DATA: Begin
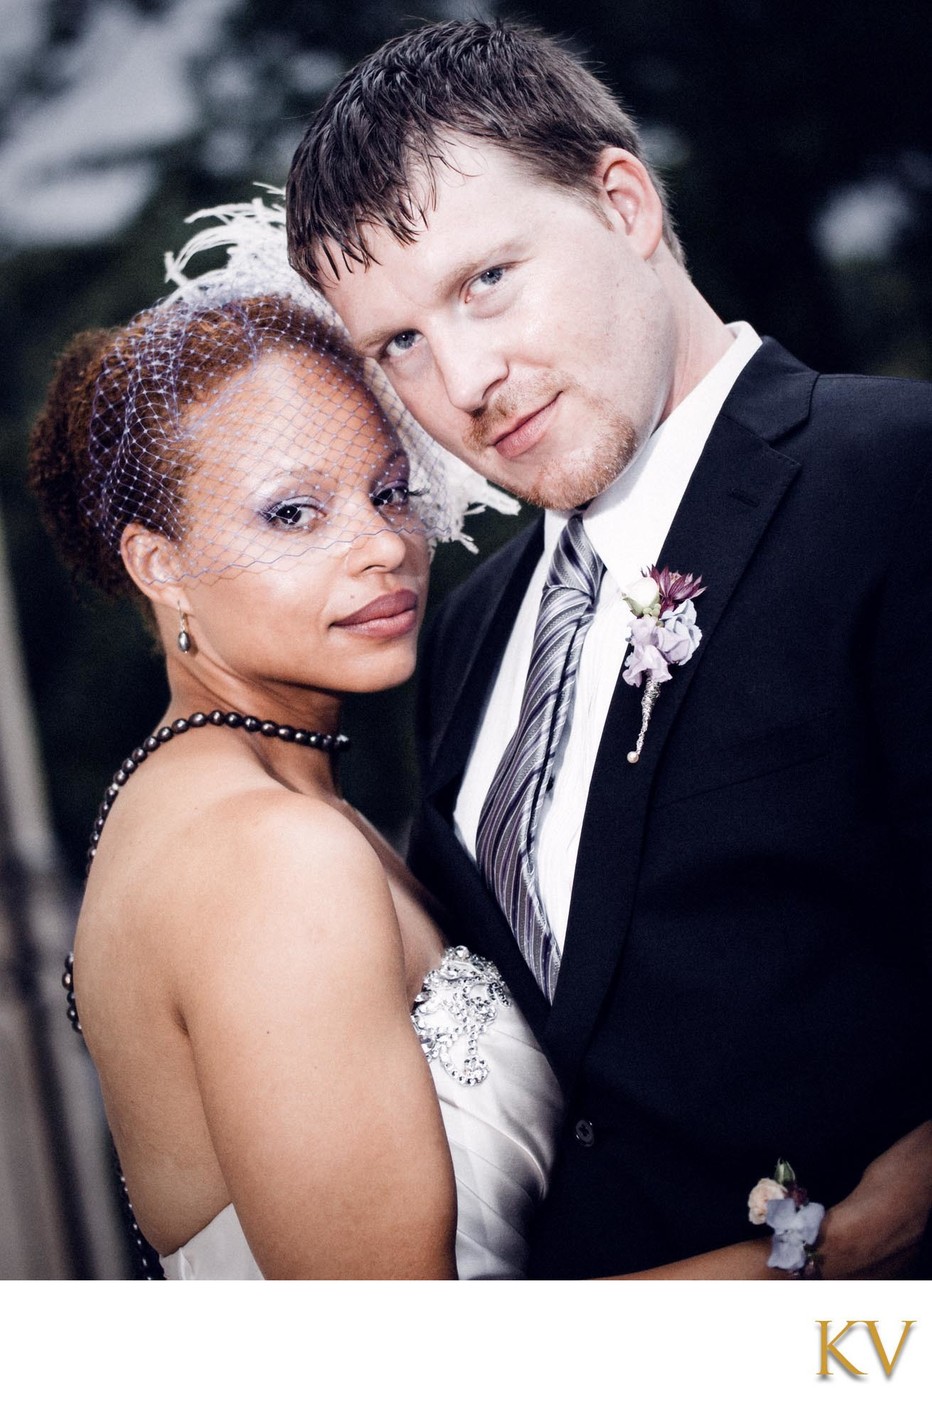 Boneza & Daryl - Chateau Mcely wedding
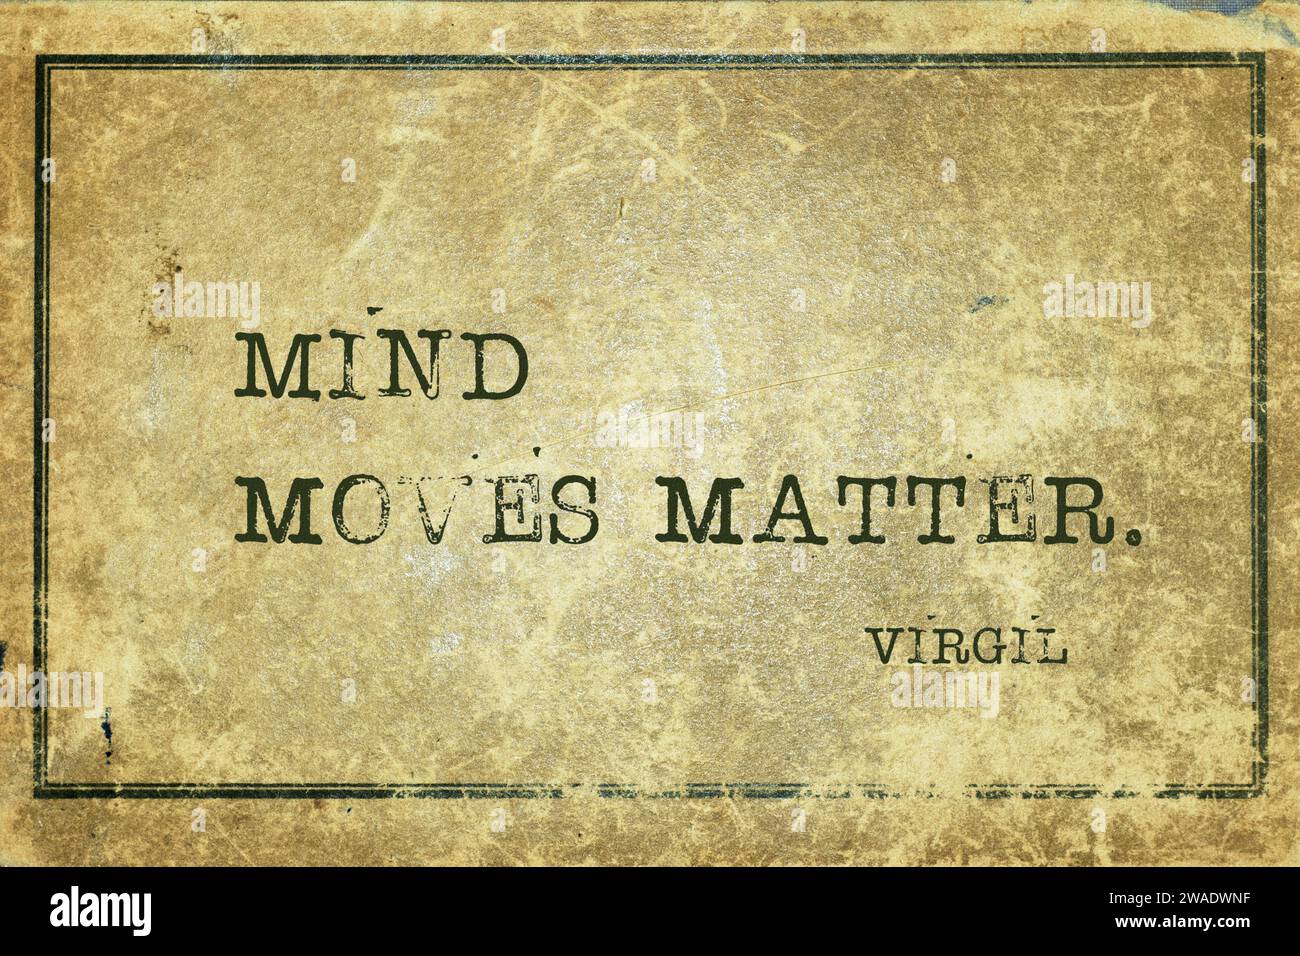 La mente muove la materia - citazione dell'antico poeta romano Virgil stampata su un cartoncino vintage grunge Foto Stock
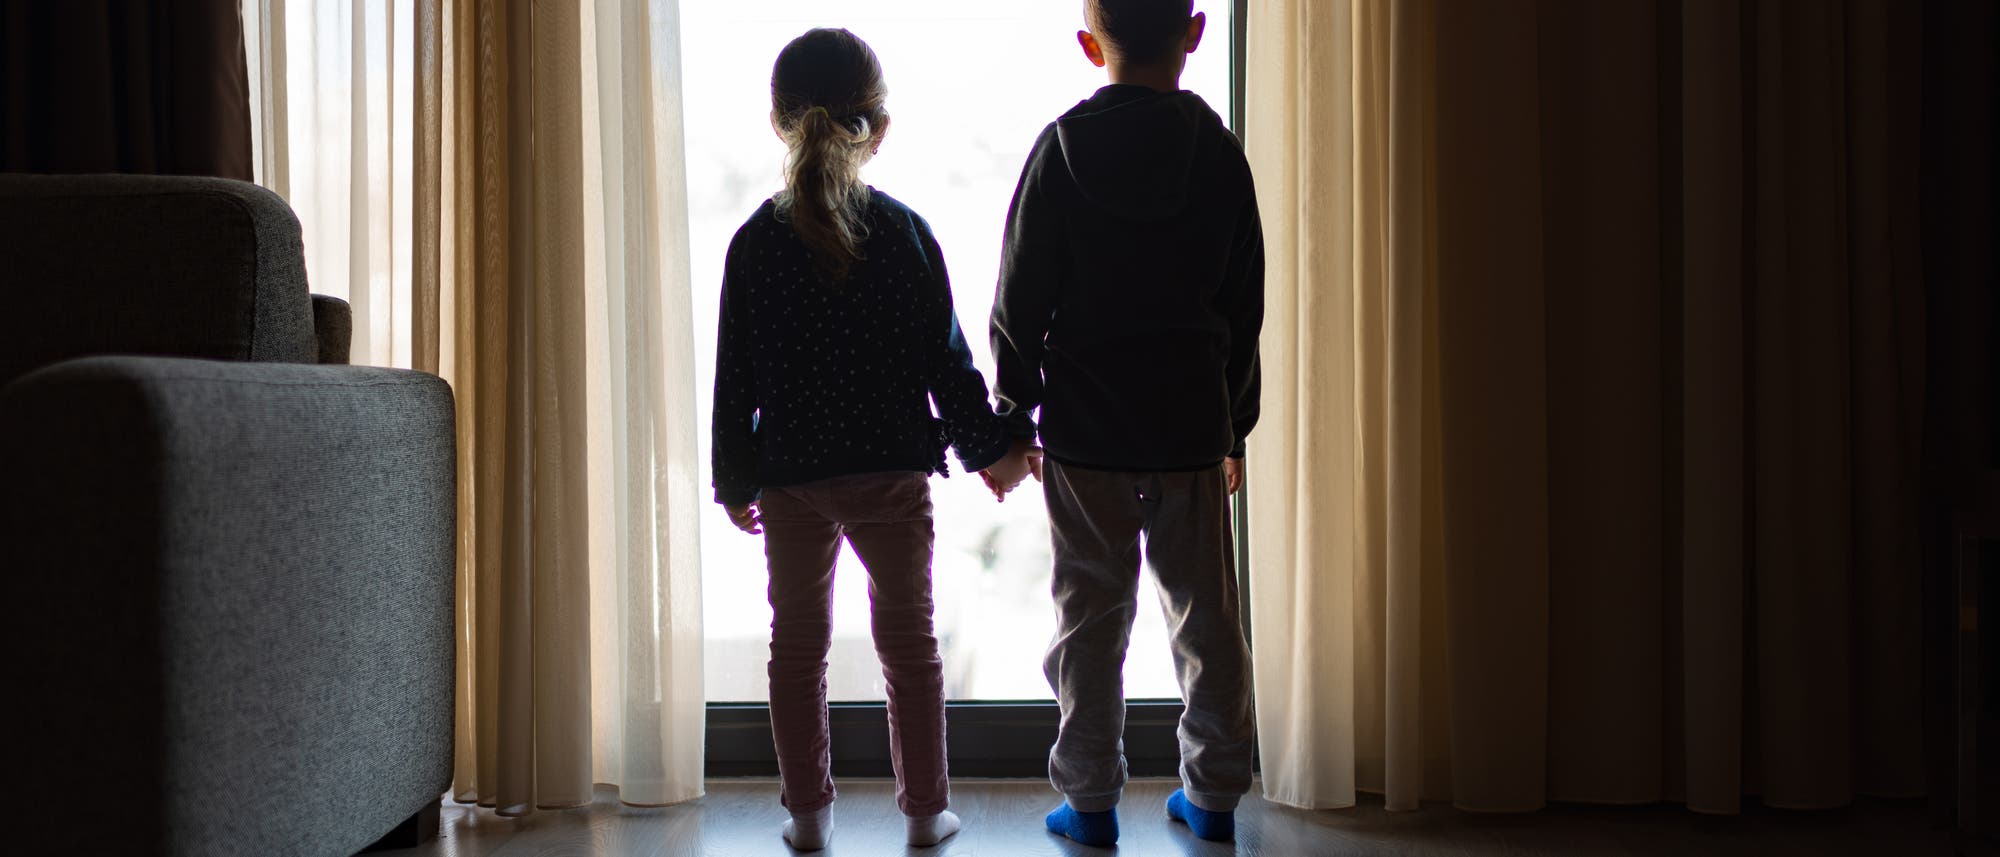 Mädchen und Junge im Gegenlicht vor einer gläsernen Tür
DATA: End
— ACTION ITEM —
The response must match the listing exactly, except that pictures are removed.

— TASK SOLUTION —
 Boneza & Daryl - Chateau Mcely wedding
 La mente muove la materia - citazione dell'antico poeta romano Virgil stampata su un cartoncino vintage grunge Foto Stock
 Mädchen und Junge im Gegenlicht vor einer gläsernen Tür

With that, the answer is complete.